Claro, se ela não fosse viúva, Huang Shu a tornaria viúva. Quem disse que ladrões de túmulos não matam? Já matou pelo menos dez pessoas. Para fazer alguém morrer sem doença nem acidente, há muitos métodos...

Aquele terrível marquês destruiu o sonho mais bonito de sua vida. Sempre que pensava no passado, por mais belas que fossem as lembranças, terminavam em um banho de sangue vermelho vivo. Sentia-se exausto, seus braços já não tinham a força de antes. Atribuía tudo ao fato de o marquês ter extraído muito sangue dele.

O pequeno gorducho curioso não veio hoje, talvez por causa da chuva. Passando tanto tempo no subterrâneo, ele sabia pela sutil mudança na parede da cela que lá fora caía uma chuva forte.

Os passos do lado de fora foram se afastando; os guardas da família Yun iam descansar na superfície. Uma colher de ferro escorregou da manga dele, e ele a segurou com o pulso curvado. Lentamente, afastou-se da cama e encontrou um buraco na parede, grande o suficiente para uma pessoa passar. Ele entrou nele e começou a cavar com a colher, que já estava bastante afiada. Felizmente, ali não havia muitas pedras...

Página (3/3)

A luz no quarto de Yun Ye ainda estava acesa. Os mestres haviam bebido demais para andar à noite, então foram acomodados na casa da família Yun. Ele próprio voltou ao colégio para ficar de vigia, mas mal chegou e foi puxado pelo diligente estudante Li Tai para resolver uma questão de matemática.

“Yezi, se uma sala tem oito pés de largura e seis pés de comprimento, quanto peso de terra seria necessário para preenchê-la?”

“Essa questão não pode ser calculada.”

“Por que não? Você disse que tudo neste mundo pode ser medido.”

“Claro que pode, mas a pergunta que você fez falta uma condição. Você pode me dizer qual o peso de um bloco de terra de três pés de comprimento, três pés de largura e três pés de altura? Só sabendo isso você pode calcular sua questão.”

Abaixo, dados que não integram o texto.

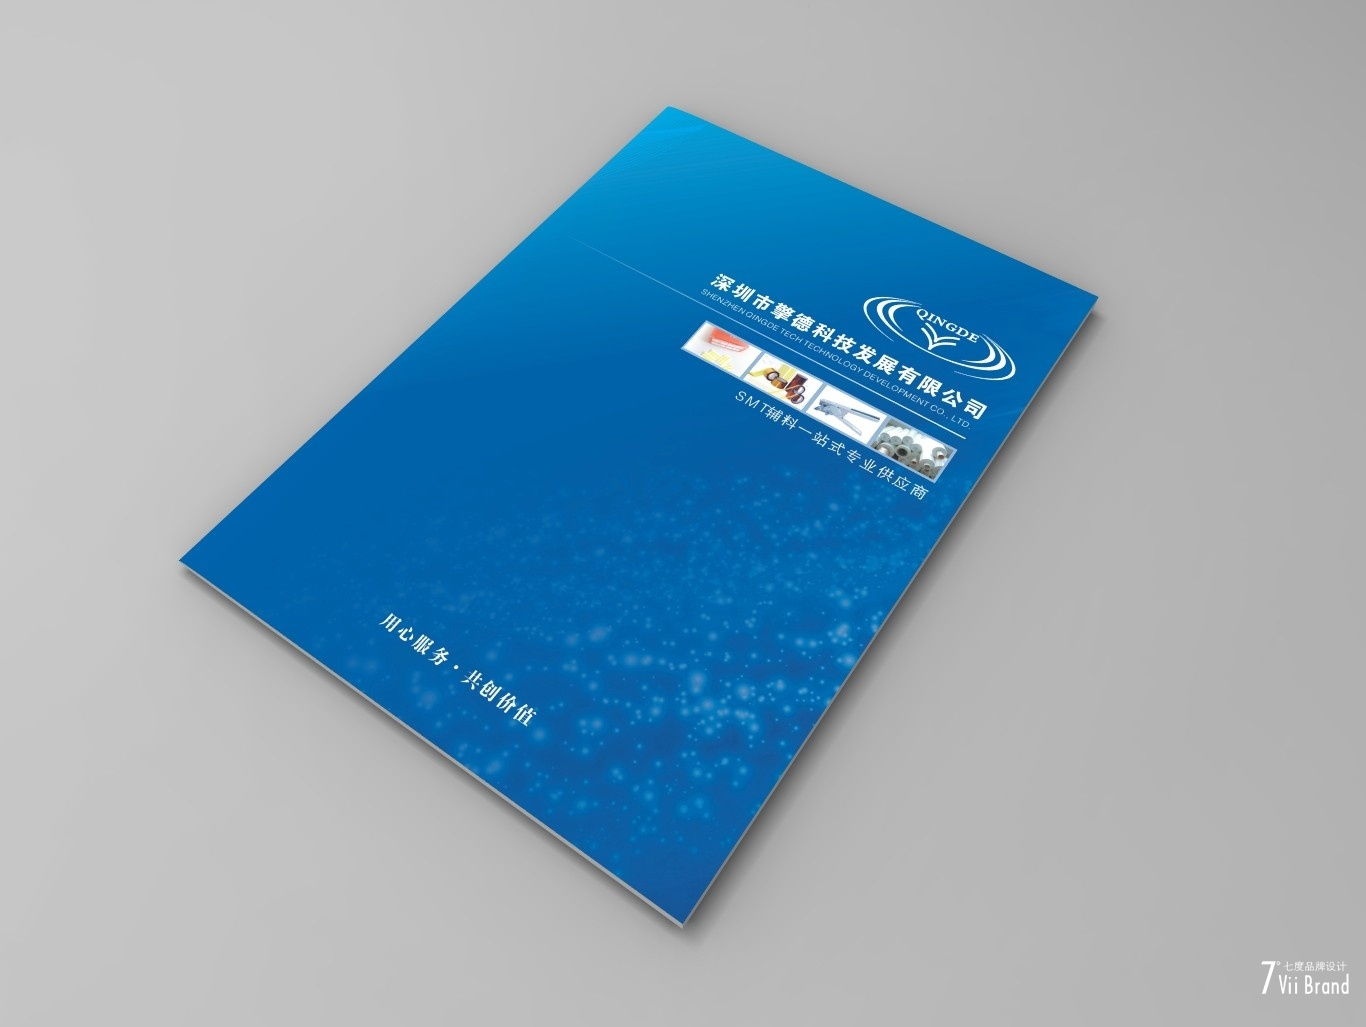 210x285mm-books-3-2

“Então, para resolver esse tipo de problema, é necessário primeiro conhecer o peso sob dimensões fixas?” Li Tai olhou para Yun Ye com olhos arregalados.

“Qingque! Tenho que admitir que você tem um talento especial para os estudos. Sua fama de prodígio desde a infância não é à toa. Não digo que posso ser seu professor, mas posso abrir a porta para você. Acredito que você será muito melhor do que eu.” Essas foram poucas palavras sinceras de Yun Ye. Uma criança de onze anos que, a partir de um simples problema de volume de terra, já havia desenvolvido o conceito de densidade, fazendo-o admirar a força dos genes da família Li.

“Se eu medir tudo que posso ver, assim no futuro será mais fácil para os outros resolverem essas questões?”

Li Tai olhou cuidadosamente para Yun Ye para ter certeza de que ele não estava zombando, e então perguntou novamente.

“Só com isso, Qingque, você pode deixar seu nome na história da matemática,” afirmou Yun Ye com convicção.

Li Tai assentiu orgulhoso.

“Yezi, se eu souber isso, posso aplicar no cálculo de cilindros que você mencionou?”

“Claro que pode. Eu só toquei no cálculo de cilindros para dar uma ideia, é cedo para vocês aprenderem isso, mas você é exceção. Aliás, Qingque, quando foi que você ficou interessado em volume de terra e cilindros?”

“Desde que descobri ontem que o chão da prisão do ladrão de túmulos estava um centímetro mais alto...”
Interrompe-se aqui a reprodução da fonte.